#  Strategy & Ingestion Notebook

This notebook outlines the end-to-end process of preparing and querying a semantic retrieval system tailored for legal documents. It covers:

1. Mock Data Creation
2. Custom Parsing and Chunking
3. Embedding and Indexing
4. Semantic Search and Response Generation

## 1.  Mock Data Creation
We simulate 15 fake legal judgment documents, each with the following structure:
- `metadata_header` (includes case ID)
- `summary`
- `facts_of_case`
- `plaintiff_arguments`
- `defendant_arguments`
- `verdict`

These fields model a real-world legal case breakdown.

## 2.  Custom Parsing & Chunking
We define a function `get_chunk()` to convert each document into 5 distinct chunks:
- Each chunk includes the `document_id`, `section_type`, and the actual `text`
- This granularity allows semantic search over specific parts like the `verdict` or `arguments`

In [2]:

import json


def get_chunk(doc):
    doc_id=doc['metadata_header']['case_id']
    return [
        {"document_id": doc_id, "section_type": "summary", "text": doc["summary"]},
        {"document_id": doc_id, "section_type": "facts_of_case", "text": doc["facts_of_case"]},
        {"document_id": doc_id, "section_type": "plaintiff_arguments", "text": doc["plaintiff_arguments"]},
        {"document_id": doc_id, "section_type": "defendant_arguments", "text": doc["defendant_arguments"]},
        {"document_id": doc_id, "section_type": "verdict", "text": doc["verdict"]}
    ]

with open(r"C:\Users\hp\Documents\synbrains_trainee_works\ragwork\ragwork\mock_legal_data.json") as f:
    documents = json.load(f)

all_chunks = []
for doc in documents:
    all_chunks.extend(get_chunk(doc))

print(f"Parsed {len(all_chunks)} chunks from {len(documents)} documents.")
    

Parsed 100 chunks from 20 documents.


## 3.  Embedding & Indexing
We use `all-MiniLM-L6-v2` from SentenceTransformers to convert all chunk texts into dense vector embeddings.

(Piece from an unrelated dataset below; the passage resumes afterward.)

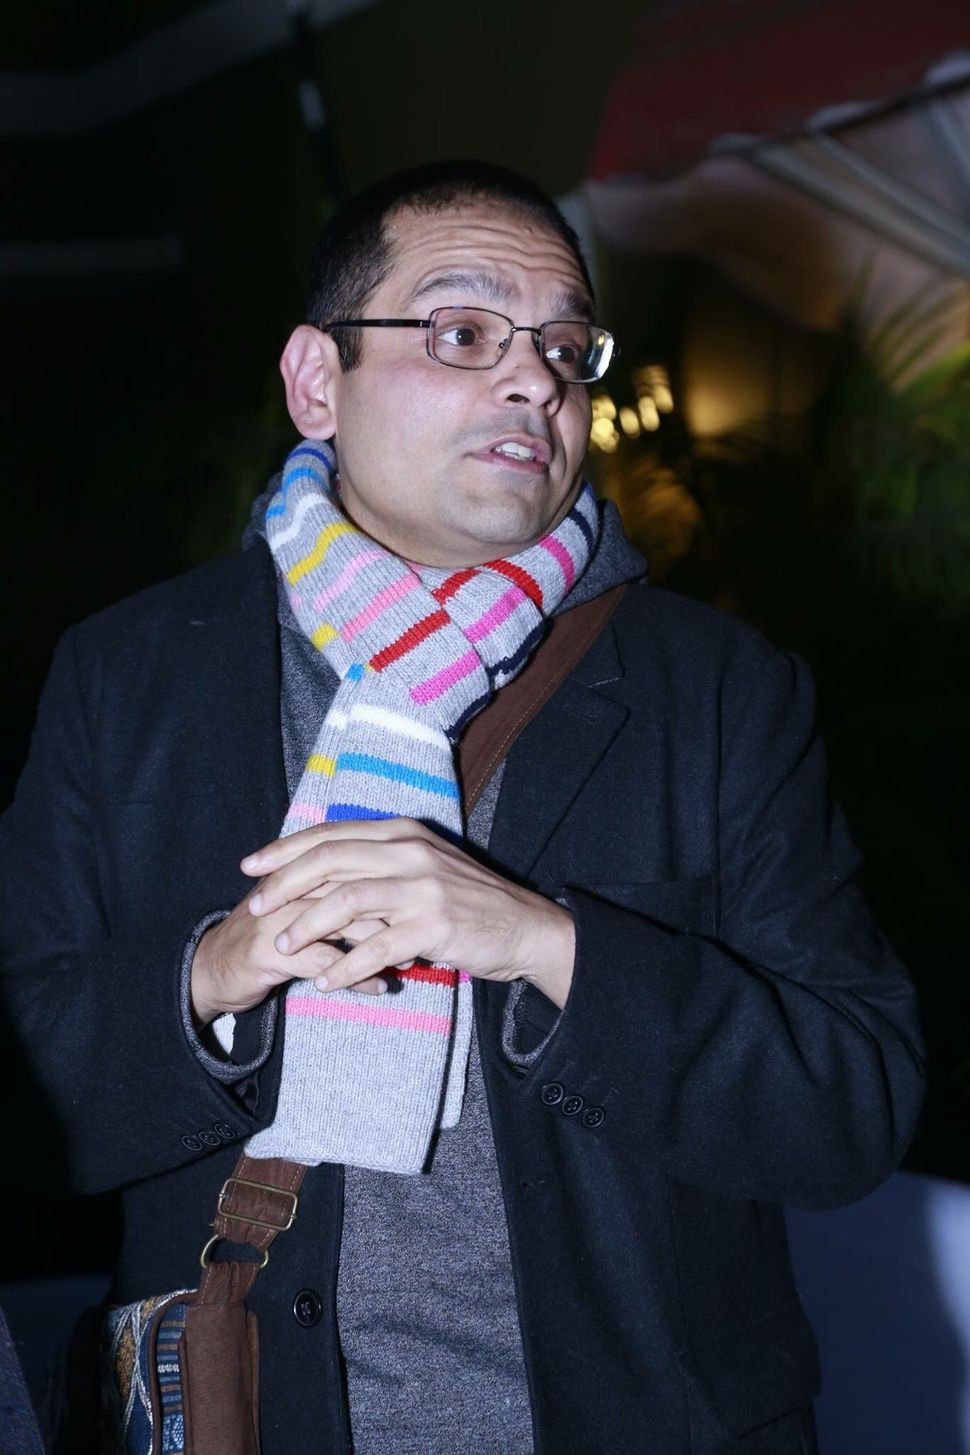 Sharif D. Rangnekar

These are saved using `pickle` for later retrieval.

In [3]:

import os
from sentence_transformers import SentenceTransformer
import pickle

os.environ["TRANSFORMERS_NO_TF"] = "1"  

model = SentenceTransformer("all-MiniLM-L6-v2")
texts = [chunk["text"] for chunk in all_chunks]
embeddings = model.encode(texts)

with open("embeddings.pkl", "wb") as f:
    pickle.dump({"chunks": all_chunks, "embeddings": embeddings}, f)

print("Embeddings saved to embeddings.pkl")
    

  from .autonotebook import tqdm as notebook_tqdm


Embeddings saved to embeddings.pkl


## 4.  Semantic Retrieval + LLM Synthesis
We:
- Load embeddings and compute cosine similarity for ranking
- Retrieve the top-k most relevant chunks
- Format these into a prompt and pass it to an LLM (via Langchain-Groq)
- Return a natural language answer

In [4]:

import pickle
from sklearn.metrics.pairwise import cosine_similarity
from langchain_groq import ChatGroq
from dotenv import load_dotenv

from sentence_transformers import SentenceTransformer

load_dotenv()
llm = ChatGroq(groq_api_key=os.getenv("GROQ_API_KEY"), model_name="llama3-8b-8192")
model = SentenceTransformer("all-MiniLM-L6-v2")

def retrieve(query, index_path="embeddings.pkl", top_k=3):
    with open(index_path, "rb") as f:
        data = pickle.load(f)
    chunks = data["chunks"]
    embeddings = data["embeddings"]
    query_embedding = model.encode([query])
    sims = cosine_similarity(query_embedding, embeddings)[0]
    top_indices = sims.argsort()[::-1][:top_k]
    return [chunks[i] for i in top_indices]

def generate_response(query, retrieved_chunks):
    context = "\n\n".join(f"[{c['document_id']} - {c['section_type']}]\n{c['text']}" for c in retrieved_chunks)
    prompt = f"Query: {query}\n\nContext:\n{context}\n\nAnswer:"
    return llm.invoke(input=prompt).content.strip()

query = "What was the verdict in the product liability case?"
top_chunks = retrieve(query)
response = generate_response(query, top_chunks)

print("Answer:\n", response)
    

Answer:
 The verdict in the product liability case is that the court finds for the plaintiff and awards $180,000 in damages.